4.1. Summary of main results
In this meta-analysis, we included 18 eligible RCTs enrolling 1016 patients. After completed all analyses, we found that patients with SHI can be benefit from the administration of EEN supplemented with probiotics.
It is noted that patients with SHI usually undergoing destroyed immunity. Impaired cellular immunity which is characterized by an obvious shift from Th1 response to Th2 may occur in several hours and last for several weeks.[42–44] Issued data suggested that the incidence of infection can be up to 40% to 80% in inpatients with SHI, and of these infectious events, pulmonary infection which is a main determinant of the clinical process of patients with SHI[45] can reach up to 60%. Therefore, the intervention regimes which have the potential of effectively decreasing the infection risk can improve the clinical outcome and lower the mortality of these given patients. The present study showed that the EEN combined with probiotics obviously reduced the risk of infectious events and mortality in patients with SHI. Meanwhile, the results based on subgroup analyses further revealed that the EEN supplemented with probiotics can also lower the risk of pulmonary infection. Some studies also shown, it is noted that, a decreased risk of infection and increased survival time when EEN supplemented with probiotics compared to standard EN alone in critical ill patients underwent burn and trauma.[46,47] Based on the published evidences, it was supposed that the mechanisms of probiotics to reduce the risk of infection including the following three aspects: improving the expression of epithelial transmembrane proteins and immune globulin and reducing the gastric mucosal permeability by enhancing tight junctions, correcting the imbalance in intestinal microecology, maintaining the integrity of intestinal mucosal, and cutting down or holding the translocation of bacteria and endotoxin[48]; increasing the sIgA in intestinal mucosa, enhancing the recovery of intestine mucosal immunity and relieving early inflammation[49]; strengthening the contractile activities of the small intestine so as to accelerate nutrient absorption, further enhancing patients’ immunity.[50]

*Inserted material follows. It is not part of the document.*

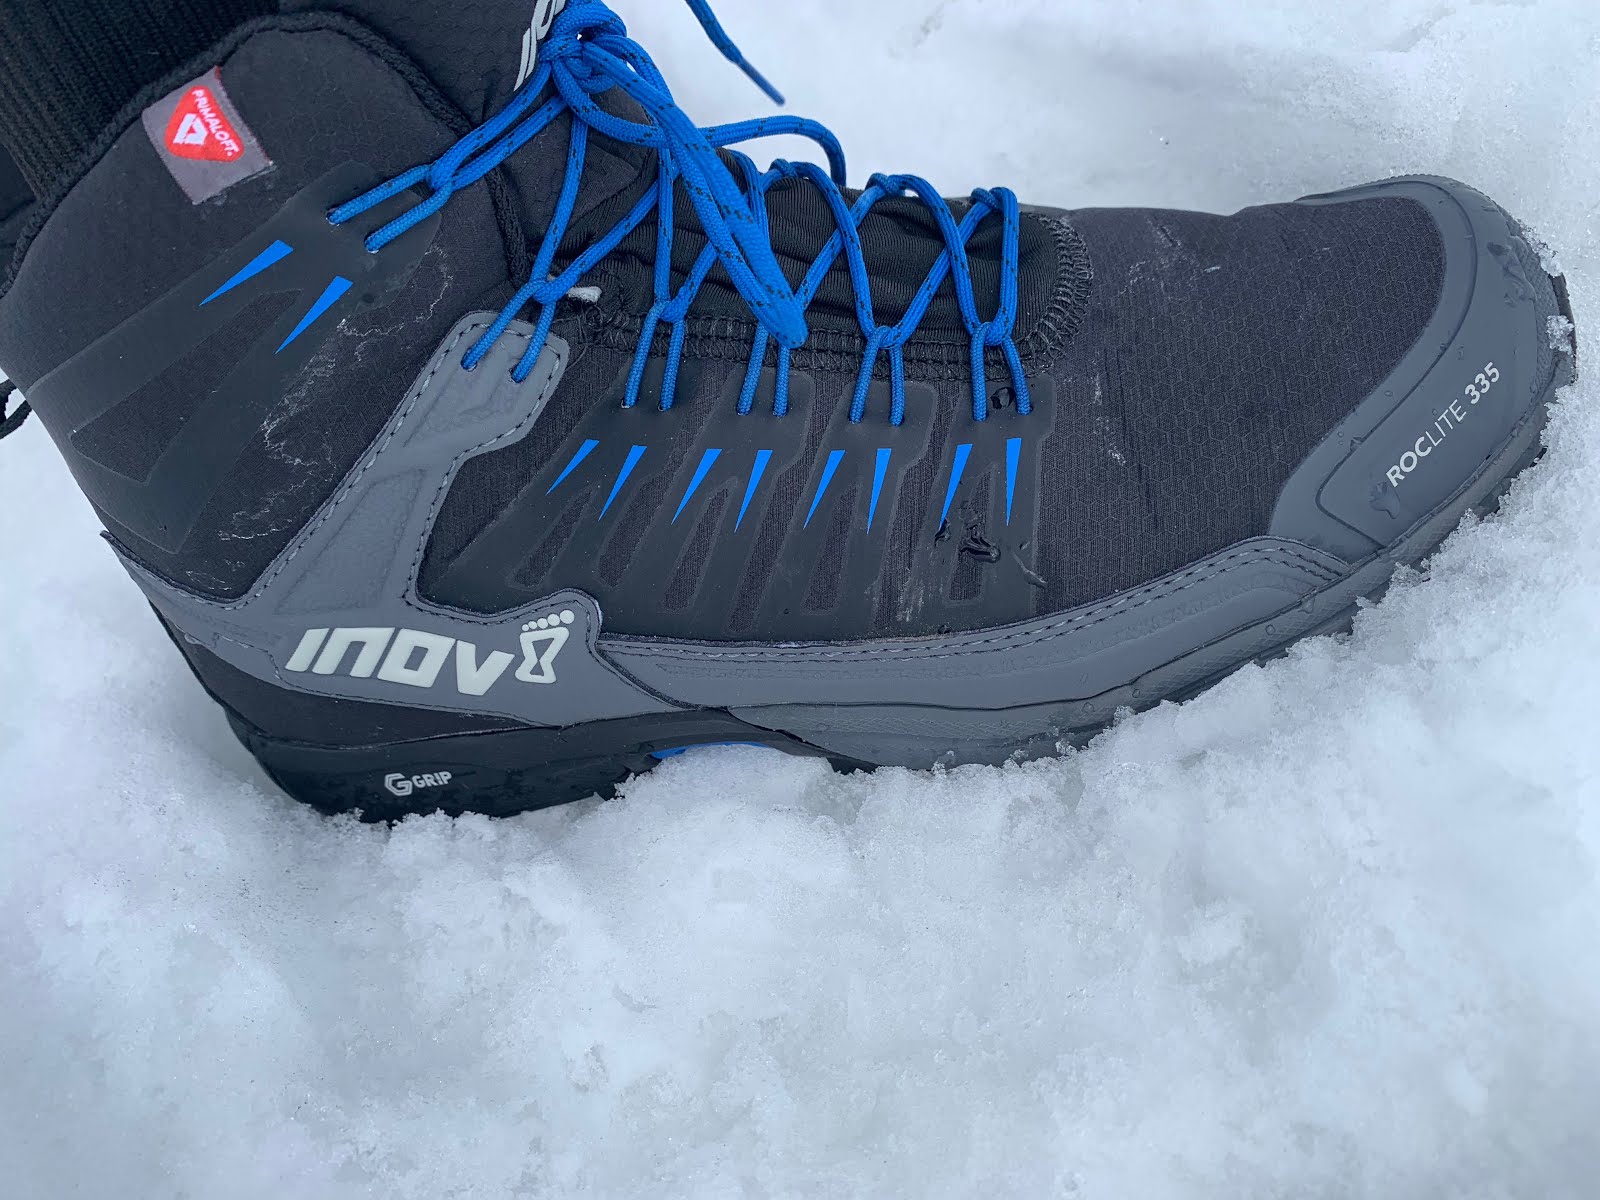 Inov8 Mens Roclite 335 Trail Running Boots Black Sports Outdoors Water Resistant 
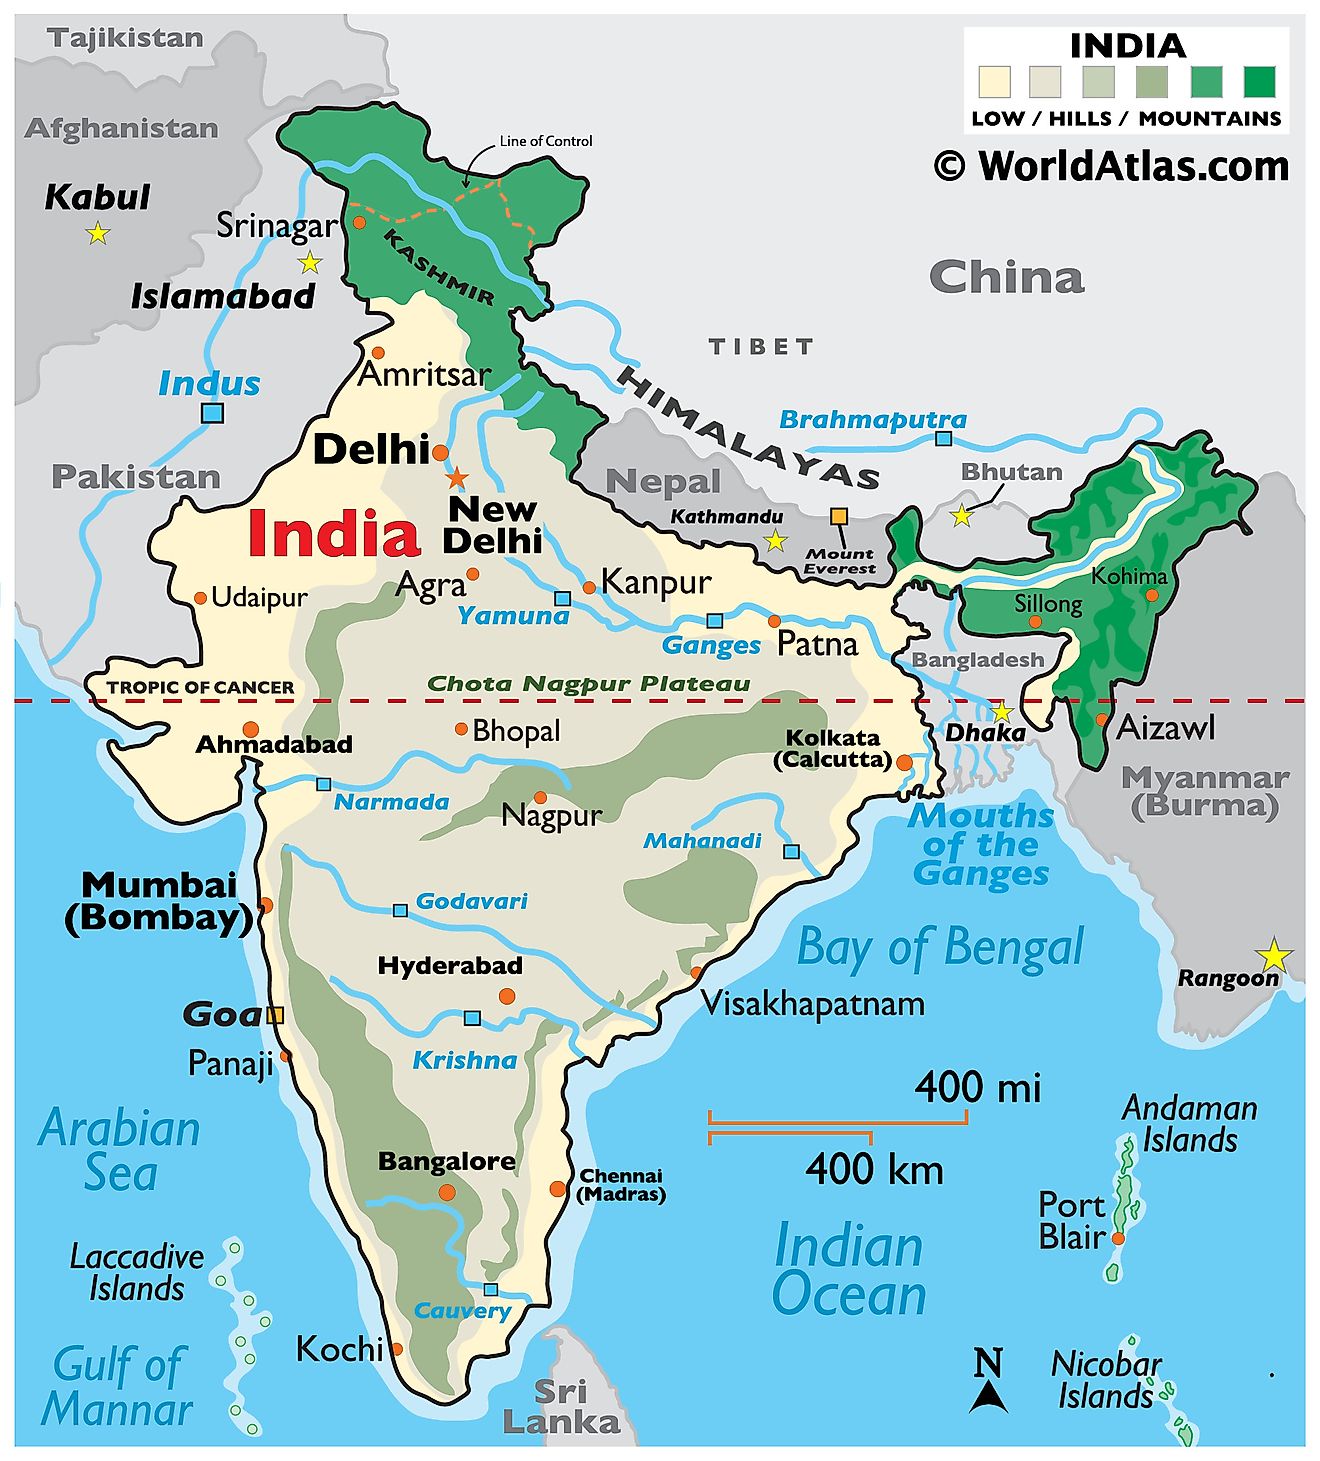 India Map Draw Photos and Images & Pictures | Shutterstock

The present meta-analysis also demonstrated that the EEN supplemented with probiotics effectively reduced gastrointestinal complications, and improved the intestinal function in patients with SHI. Under physiologic status, a certain number of normal floras exist on intestinal tracts as a biologic barrier for the healthier digestion. With these floras absorbing on enterocyte, it can prevent pathogenic bacterium from appearing on the one hand, and adjust intestinal secretion function to a normal level on the other, reinforcing regional immune competence of intestinal tract. In this way, the inflammatory response at early state can be controlled.[51] Husebye and his colleagues[52] discovered a disturbance of intestinal motility if rat intestinal was in aseptic condition. Not only does the settles in Escherichia coli not to rectify the condition of gastric motility disorder, it intensifies the degree of disorder. However, planting in the beneficial intestinal microbial communities such as Lactobacillus or Bifidobacterium can correct intestinal movement pattern. At the early status, intestinal microbial imbalance was accompanied by the decreased number of the beneficial intestinal communities such as Lactobacillus or Bifidobacterium, while pathogenic bacterium (e.g., Escherichia coli) would increase sharply, which critically affecting the gastrointestinal motility in patients with SHI. It may results from large amounts of applied antibacterial agents during surgeries.[40] Besides, dysfunction of central nervous system for gastrointestinal and metabolic complications may happen, which manifested a downfall of ability on gastric emptying and intestinal tract movement, destroying the absorbing ability of intestines.[53] A series of studies manifested that exogenous probiotics might recover gastric emptying function[54] with Helicobacter pylori, rectify intestinal tonic contraction[55] and facilitate the gastric emptying and speed of intestinal transmission with SHI,[38] eventually, enhancing the absorption function of intestines. Hence, exogenous probiotics is conducive to the intestinal microbial balance in patients with SHI, improving gastrointestinal motility disorder.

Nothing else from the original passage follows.